What's New on the Literary Blogs

Inspired (or possibly exasperated) by the new book, The Top Ten: Writers Pick Their Favorite Books by J. Peder Zane (Editor), The Millions, a blog about books, posts about top ten book lists: Top Tens, Their Silliness, Their Allure.
I think I heard somewhere that Americans like lists, compared to who, I don't know. If you "google" the phrase "top ten lists," millions of hits come up. Googling may not be a meaningful research method however, because if you google "jitterbug hamsters," just to pick a random nonsense phrase, 40,000 hits come up. There is no denying that lists are fun, addictive and marketable though, maybe not to everyone, maybe mostly to Americans, but without a doubt lists are out there on every subject imaginable. Probably even lists of hamsters who blog or jitterbug. Oh, nevermind.
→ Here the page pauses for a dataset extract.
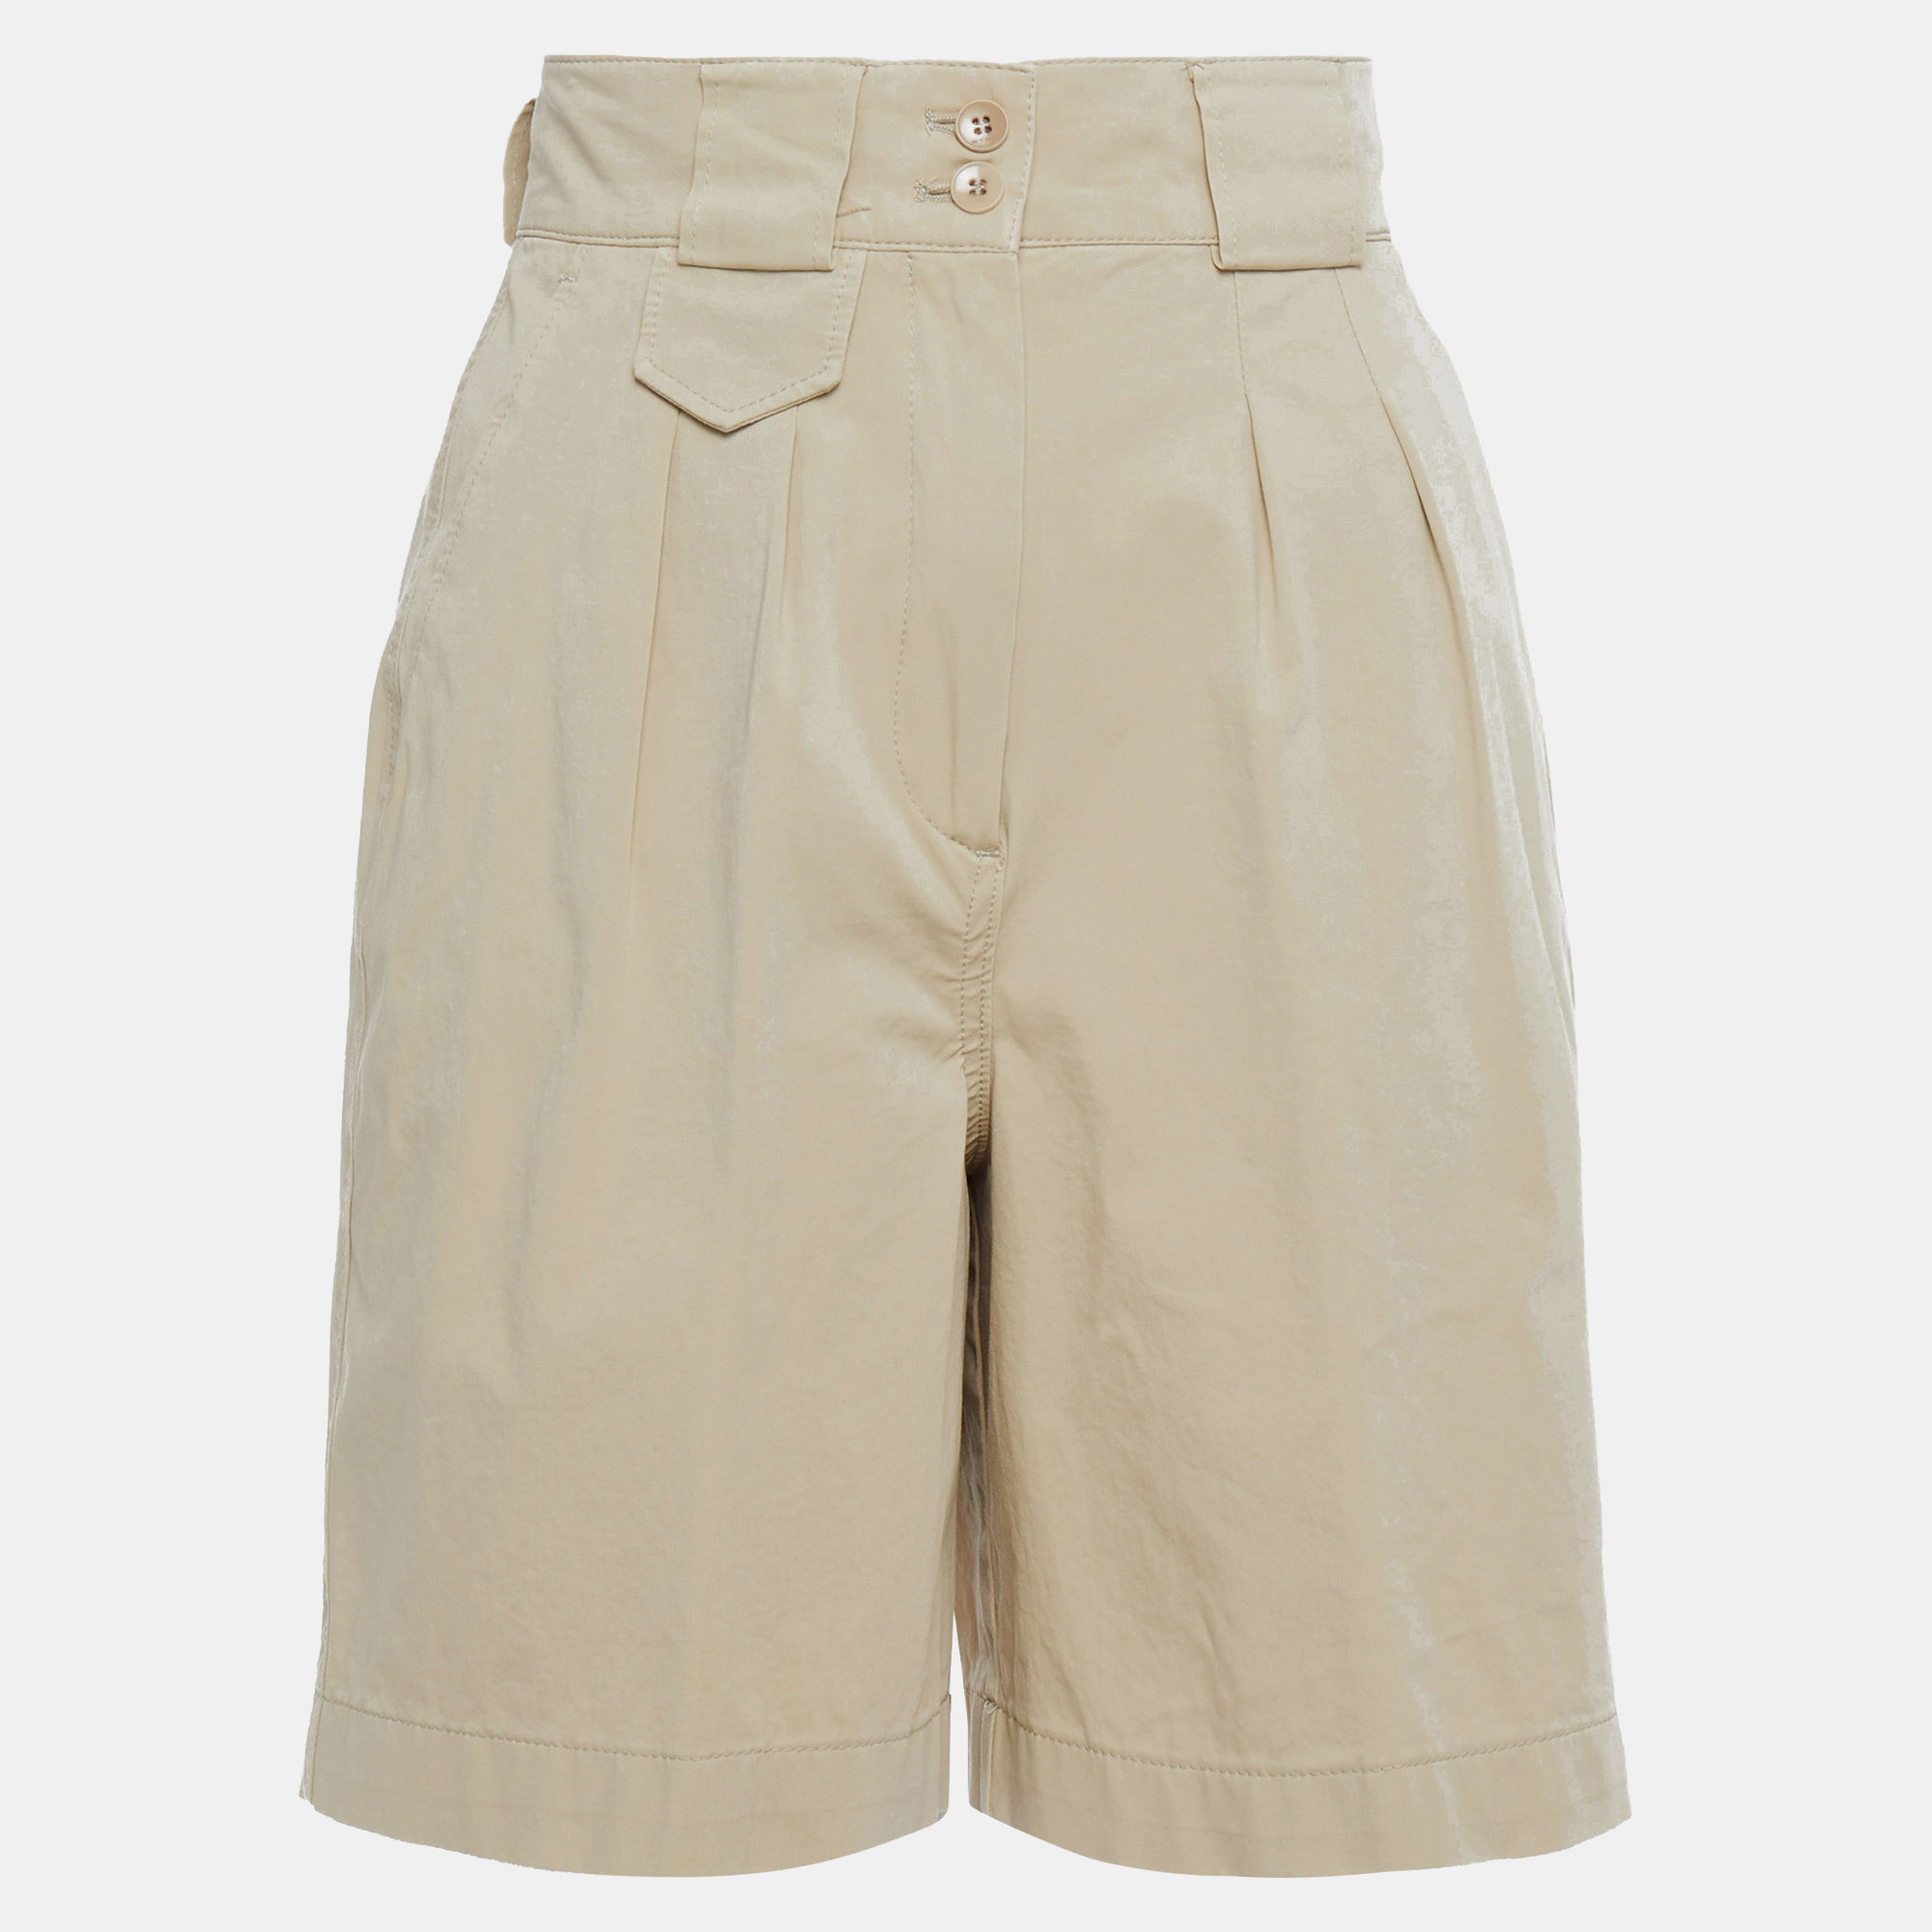 Etro cotton shorts 40

Next! Speaking of book lists, Critical Mass posts Lizzie Skurnick's Top Five For Spring which is part of a series of posts labeled "What are you looking forward to reading?" The professional reviewers who are members of the National Book Critics Circle Board of Directors who contribute to this blog share what 2007 books they plan to read.
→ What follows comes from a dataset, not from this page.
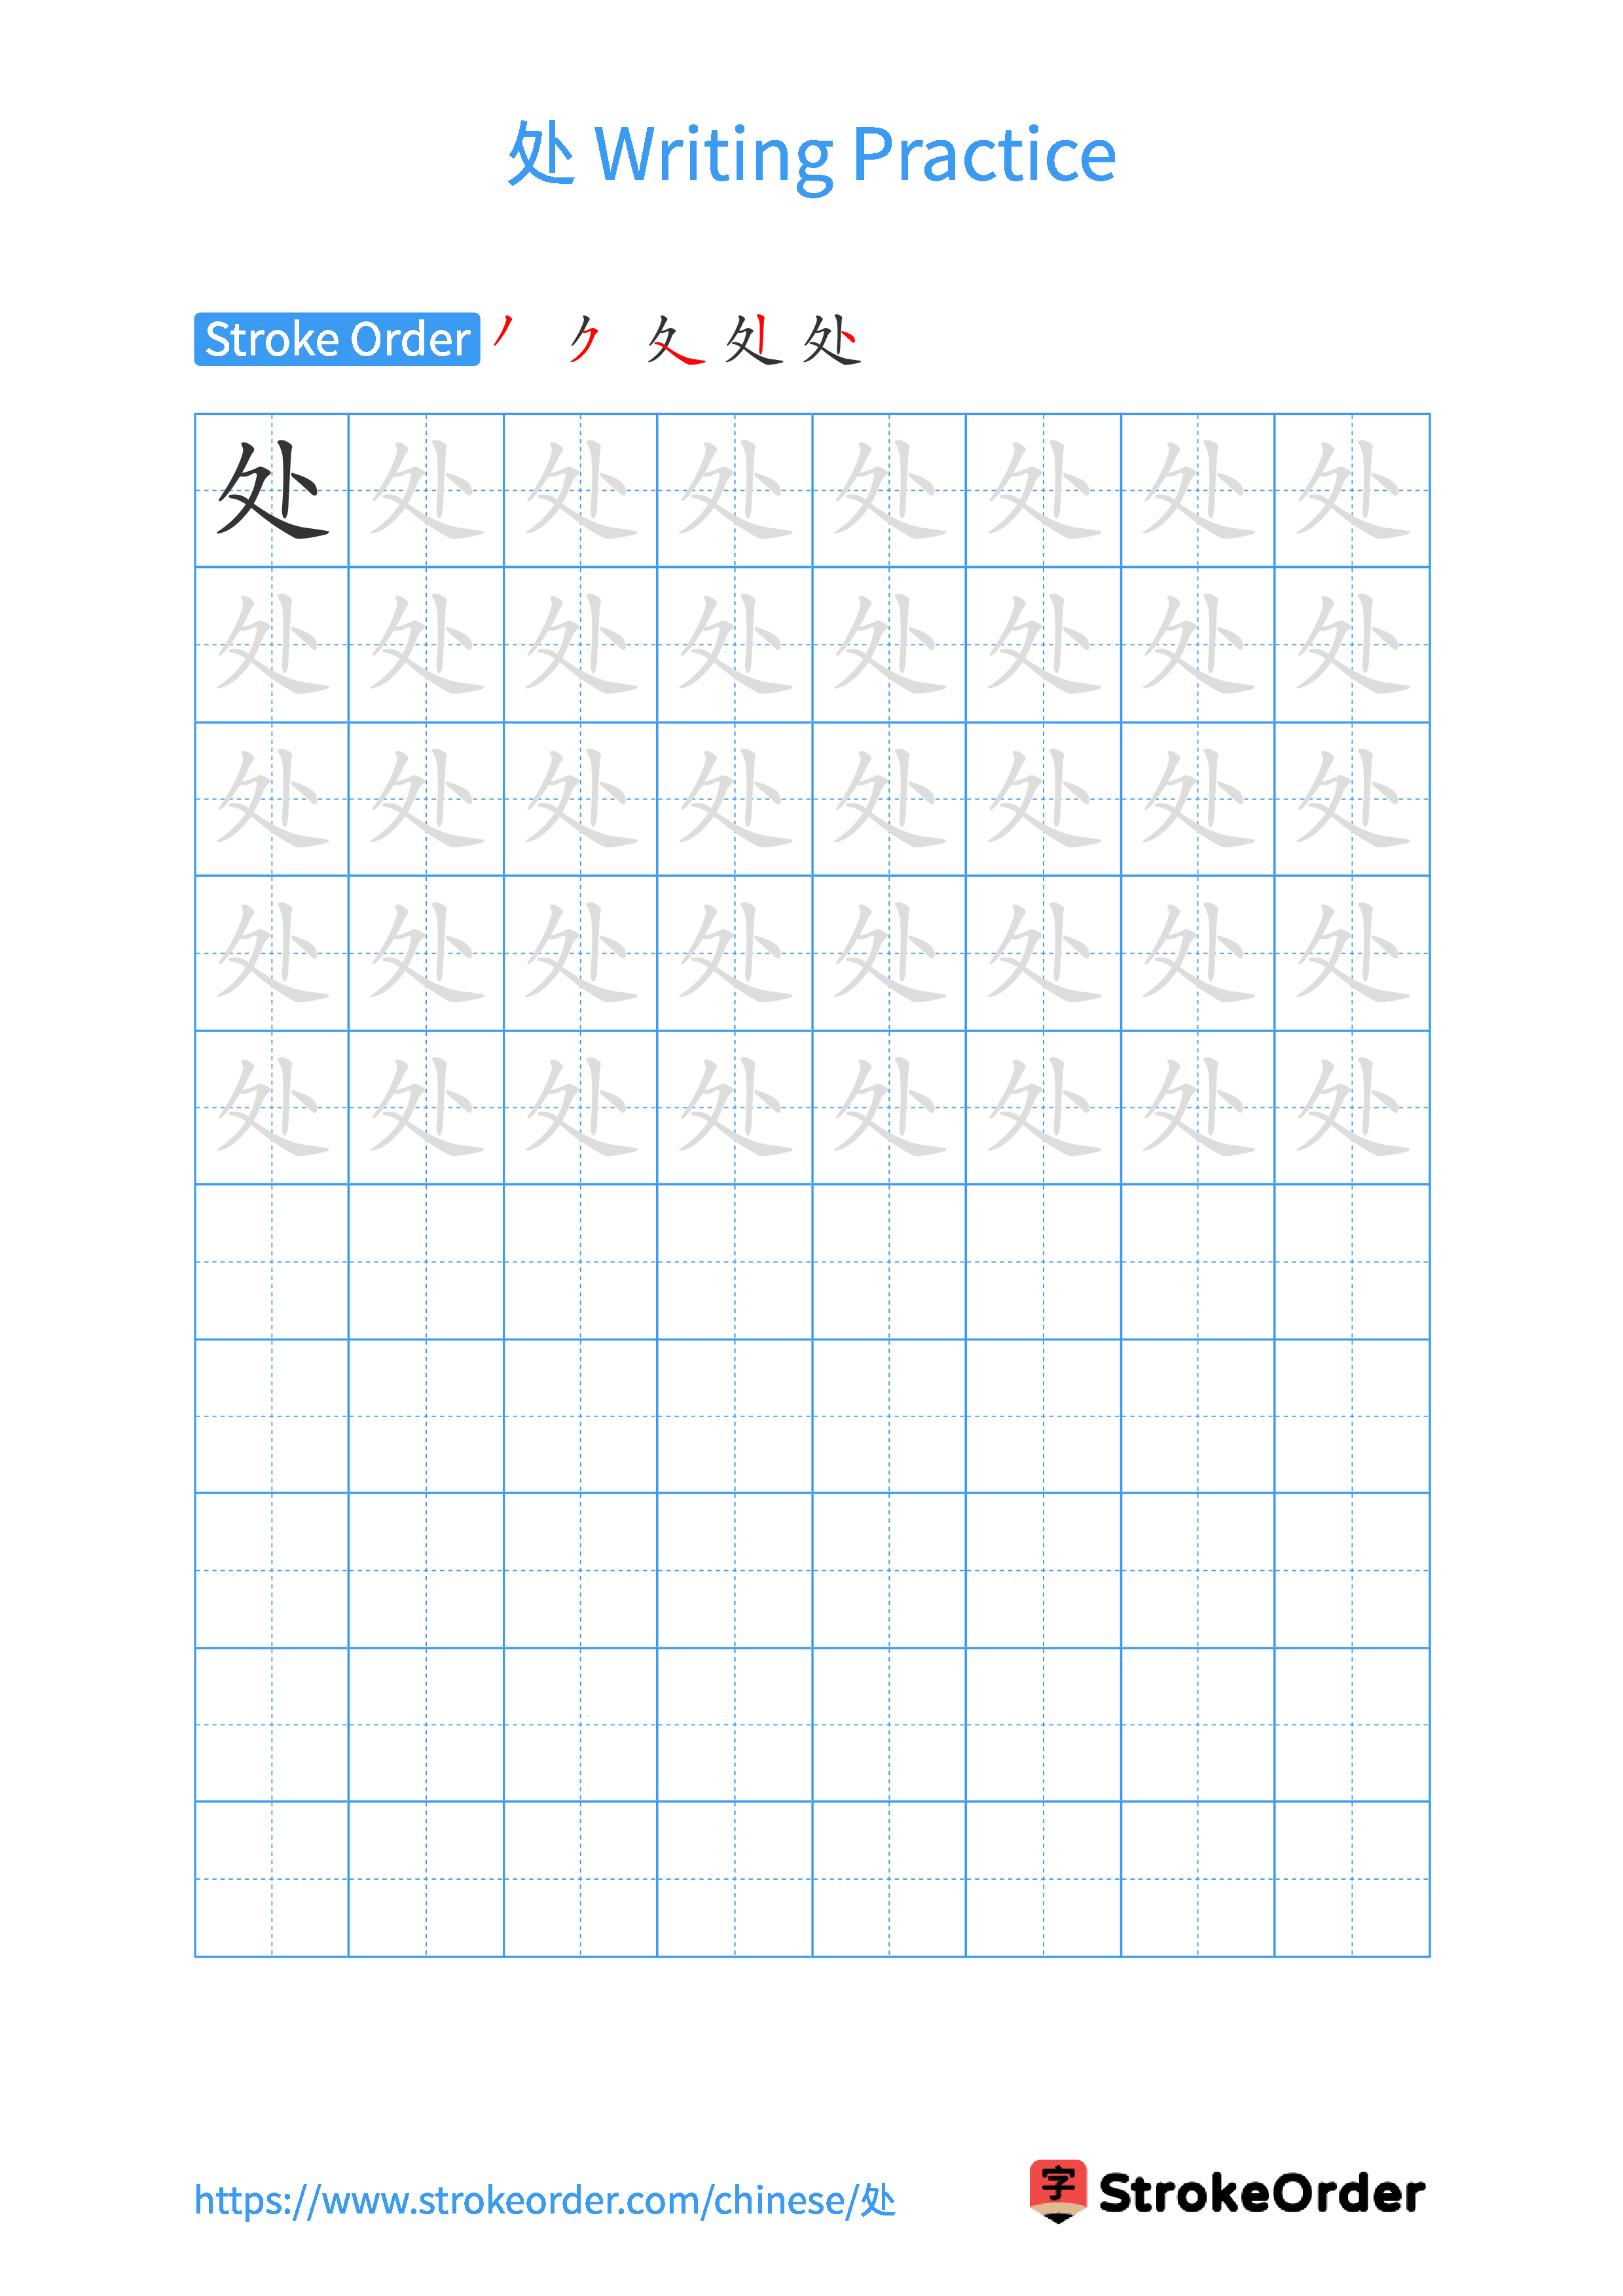 Printable Handwriting Practice Worksheet of the Chinese character 处 in Portrait Orientation (Tian Zi Ge)

Lizzie Skurnick writes, "Christopher Buckley, Boomsday: We recently realized--and we're ashamed to admit--we have always stayed away from Christopher Buckley because of some latent association with William F. Buckley, Jr. We're sorry! And we want to see if he's America's answer to David Lodge." Always on the lookout for really funny humor writing, I've been looking forward to that book too. I read that Buckley, fils, admires P.G. Wodehouse, so that puts him up several notches in my estimation.
Finally, the literary blogosphere brings us Memoir Week at Slate. Starting with The Woman Warrior at 30, columnist Jess Row writes, "Maxine Hong Kingston's The Woman Warrior: Memoirs of a Girlhood Among Ghosts was published 30 years ago last fall, at a time when Chinese-Americans evoked few associations in the American consciousness other than laundry, chop suey, and Bruce Lee."